I probably use this line at least once a day. 90% of the time it’s in jest. It really has become more of an inside joke than anything else with a few friends. But really, what do I know? I am after all just a grad student. I started my graduate program in Fall 2009 and simultaneously began work at the same institution as a GA in the Student Involvement Office. (Oh, and I also work as a “part-time” Residence Director… Yes, I do have a life outside Student Affairs). In my four years of undergrad, I threw myself into Residence Life – I would eat, sleep, breathe and live ResLife. I was never really able to get directly involved in campus programs (some failed attempts at board positions) or orientation (would have had to choose between reslife and orientation… no brainer for me).

Needless to say, I was incredibly nervous about starting my GA in Student Involvement.
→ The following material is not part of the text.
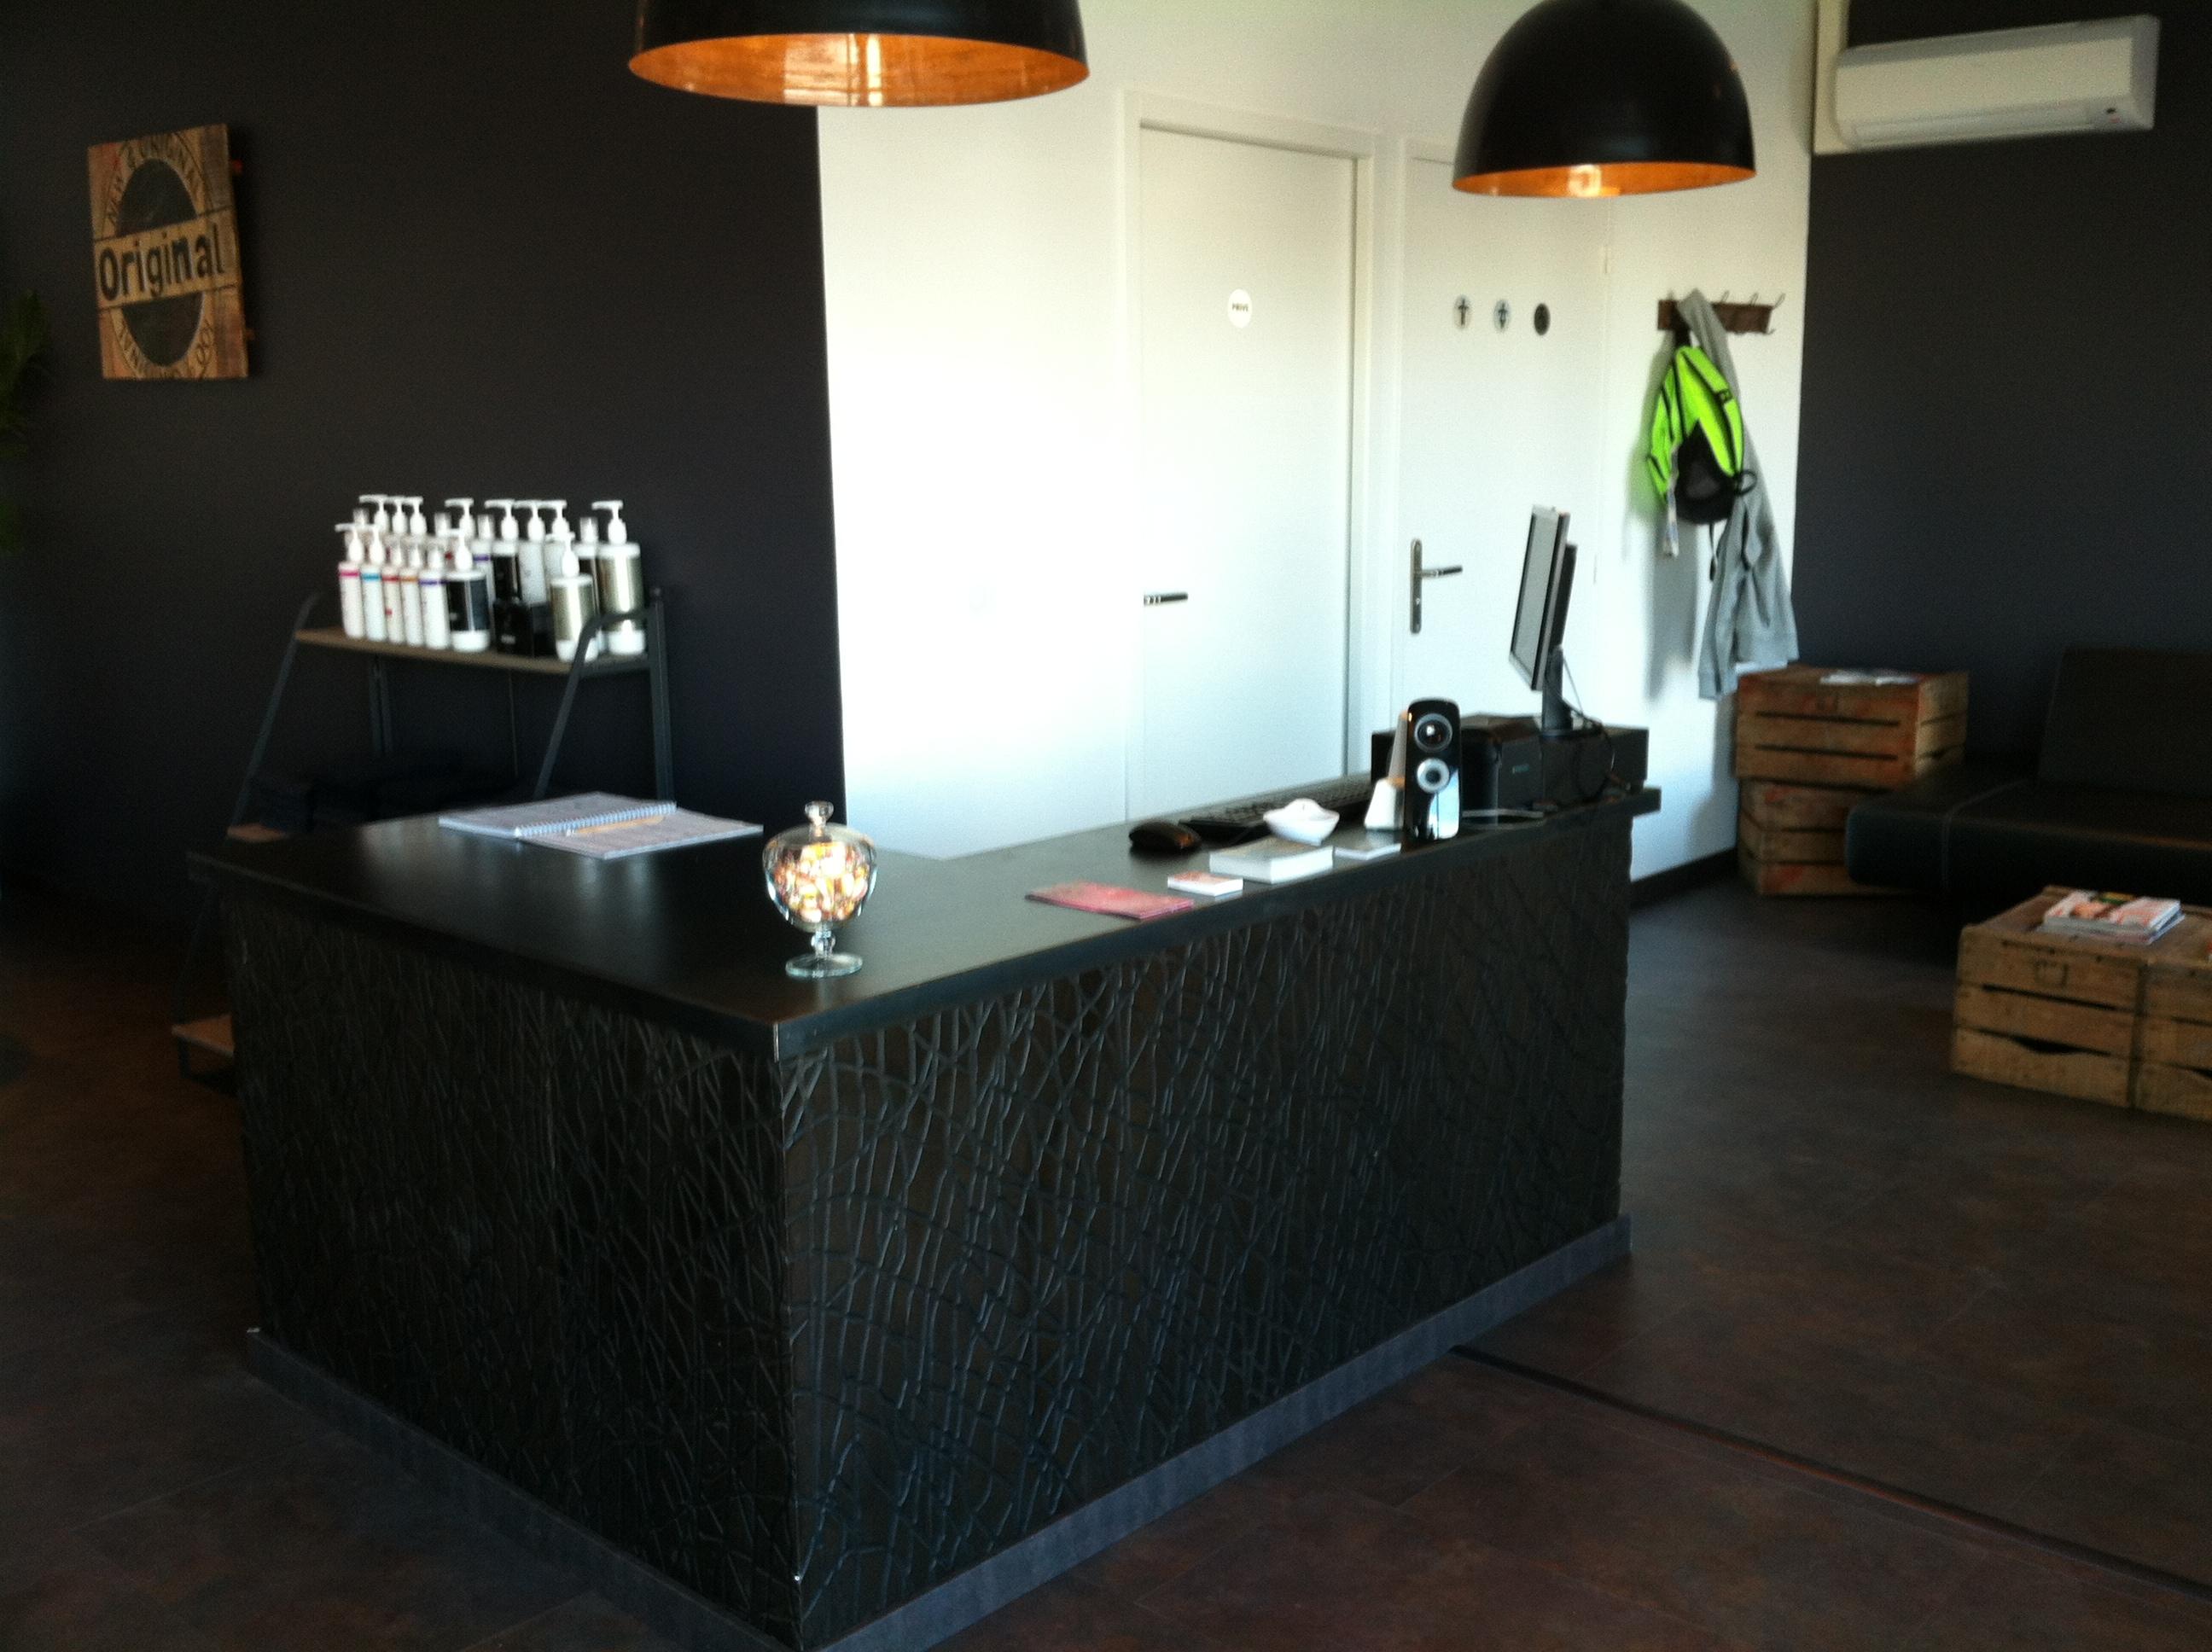 L'Atelier N°24 Cournon-d'Auvergne

I was really excited to work with the professionals in my office and get my feet wet in this area of student affairs, but I was still incredibly nervous.  Ask anyone in my office, I was basically mute the first month or so in the office (not too mention slightly overwhelmed). I think my biggest fear was failure. It absolutely terrifies me. I know that failure is important for learning, but the prospect of failing makes my heart beat a bit faster and cause serious internal freak-outs. And really, what did I know? I was a new grad student with practically no experience in this functional area!

It probably was not until mid to late October when I realized that what I didn’t know didn’t matter. And truth be told, I proved to myself I knew a lot. Homecoming is kind of a big deal at Bridgewater and it is the responsibility of the GA to organize various vendors to donate their time and their flat beds to the parade to serve as floats. Everything was booked by the beginning of the month, trucks were to be delivered for float building on Friday of Homecoming. I called to confirm in the beginning of the week and 2 of the 4 vendors backed out at the last minute. After a minor freak-out because of my epic fail I jumped into crisis-management mode.  I used some common sense, knowledge from past experiences, a little bit of begging, and just found a way to fix the problem (U-Haul basically became the unofficial sponsor of the parade).  No it wasn’t perfect and it certainly didn’t go as planned, but I realized I knew more than I thought I did. I have had to problem solve with programming in ResLife tons of times – why should this be any different?

So what do I know?
-Failing still isn’t all that fun, but is certainly a learning experience
-Experience is a student affairs grad students best friend
-There is a lot of overlap in student affairs functional areas
-Nothing is ever going to perfectly as planned (even if you have a series of back up plans)
-Challenges make life and my job interesting

I definitely don’t know everything about everything and I’m okay with that. I know as Student Affairs professional I’ve signed up for the life-long subscription to learning and I am definitely okay with that.